What It Means to Die to Self

Dying to self means laying down personal desires, ambitions, and pride for the sake of following Jesus. It means rejecting the me first culture that tells us happiness is the ultimate goal. It’s giving up our own definitions of success, comfort, and self-promotion in order to live in full obedience to Christ.

In a world that says, Be true to yourself, Jesus says, Die to yourself.

Countercultural Faith

We live in a culture obsessed with self-fulfillment. The world tells us to follow your heart—but scripture warns against this:

📖 Jeremiah 17:9 (NASB 1995) “The heart is more deceitful than all else and is desperately sick; Who can understand it?”

Social media, self-help books, and influencers preach that happiness, comfort, and self-expression are the highest goals in life. But Jesus calls us to something greater:

📖 Matthew 16:25 (NASB 1995) “For whoever wants to save his life will lose it; but whoever loses his life for My sake will find it.”

Jesus Never Promised Happiness—But He Did Promise Peace

I recently heard a preacher say, Jesus never offered anyone happiness, but He did offer peace.

Our world is obsessed with chasing happiness, but happiness is based on external circumstances—and circumstances change. Jesus offers something far greater: eternal joy and peace that isn’t shaken by what happens around us.

📖 John 16:33 (NASB 1995) “These things I have spoken to you so that in Me you may have peace. In the world you have tribulation, but take courage; I have overcome the world.”

The Western world has bought into the lie that life is about pursuing happiness, comfort, and success. But Jesus never said, Follow Me, and life will be easy. He said, Take up your cross. He said, Lose your life for My sake, and you will find it.

📖 Matthew 6:19-20 (NASB 1995) “Do not store up for yourselves treasures on the earth, where moth and rust destroy, and where thieves break in and steal. But store up for yourselves treasures in heaven.”

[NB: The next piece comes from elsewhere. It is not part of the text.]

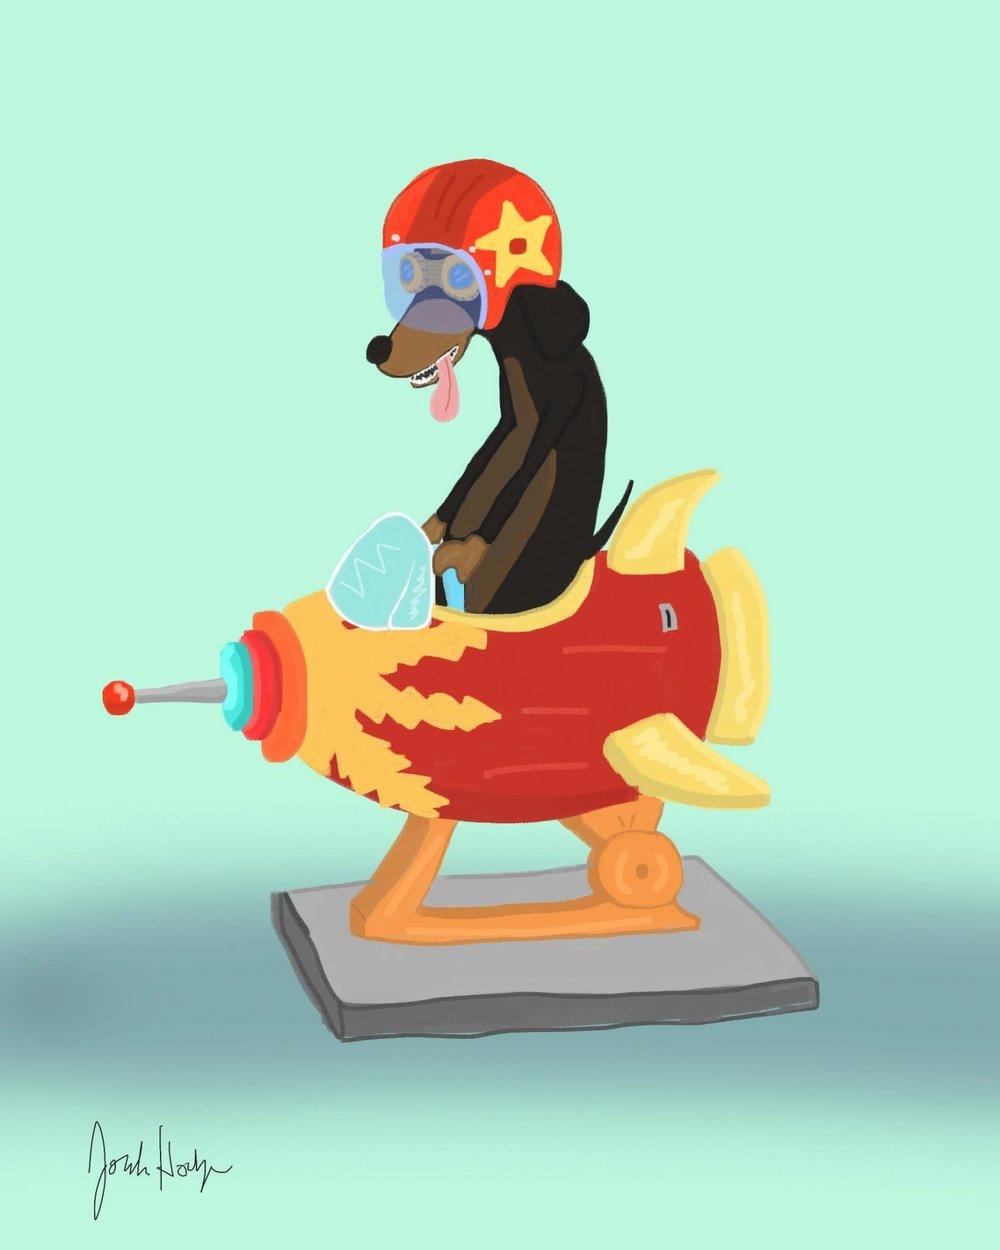 rocketdog-1500x1875.jpg

Responding to the gospel isn’t just about believing in Jesus—it’s about surrendering to Him. It’s about laying down our version of success and picking up His mission. It’s about realizing that we don’t live for the temporary, but for the eternal.

Hearing vs. Responding

The greatest battle we face today isn’t external—it’s internal. The battle of self versus surrender. The world says, Live for yourself, but Jesus says, Live for Me. The world says, Find your truth, but Jesus says, I am the truth. The world says, You are enough, but the gospel says, You need a Savior.

And the difference between those two perspectives is the difference between just hearing the gospel and actually responding to it.

Paul understood this when he wrote to the Romans, pleading with his people to stop relying on their own efforts and fully surrender to Christ:

📖 Romans 10:1-4 (NASB 1995) “Brothers and sisters, my heart’s desire and my prayer to God for them is for their salvation. For I testify about them that they have a zeal for God, but not in accordance with knowledge. For not knowing about God’s righteousness and seeking to establish their own, they did not subject themselves to the righteousness of God. For Christ is the end of the Law for righteousness to everyone who believes.”

The Call to Respond

Many people in church today are religious, active in ministry, and passionate about good works—but they have never fully surrendered to Jesus. Like the Jews Paul was writing to, they may have enthusiasm for God, but it is not based on true faith in Christ.

📖 John 5:39-40 (NASB 1995) “You examine the Scriptures because you think that in them you have eternal life; and it is those very Scriptures that testify about Me, and yet you are unwilling to come to Me so that you may have life.”

Passion without truth is dangerous, and truth without application is useless. You can know the Bible from cover to cover, but if you don’t know Jesus, you’re still lost.

God isn’t impressed by how much you know—He’s moved by how much you obey. The worst deception isn’t ignorance—it’s thinking you’re right with God when you’re not. The gospel is not for head knowledge—it’s for life change.

Responding to the gospel means more than hearing it. It means surrender. It means obedience. It means living for Jesus instead of ourselves.

Have you just heard the gospel? Or have you responded to it?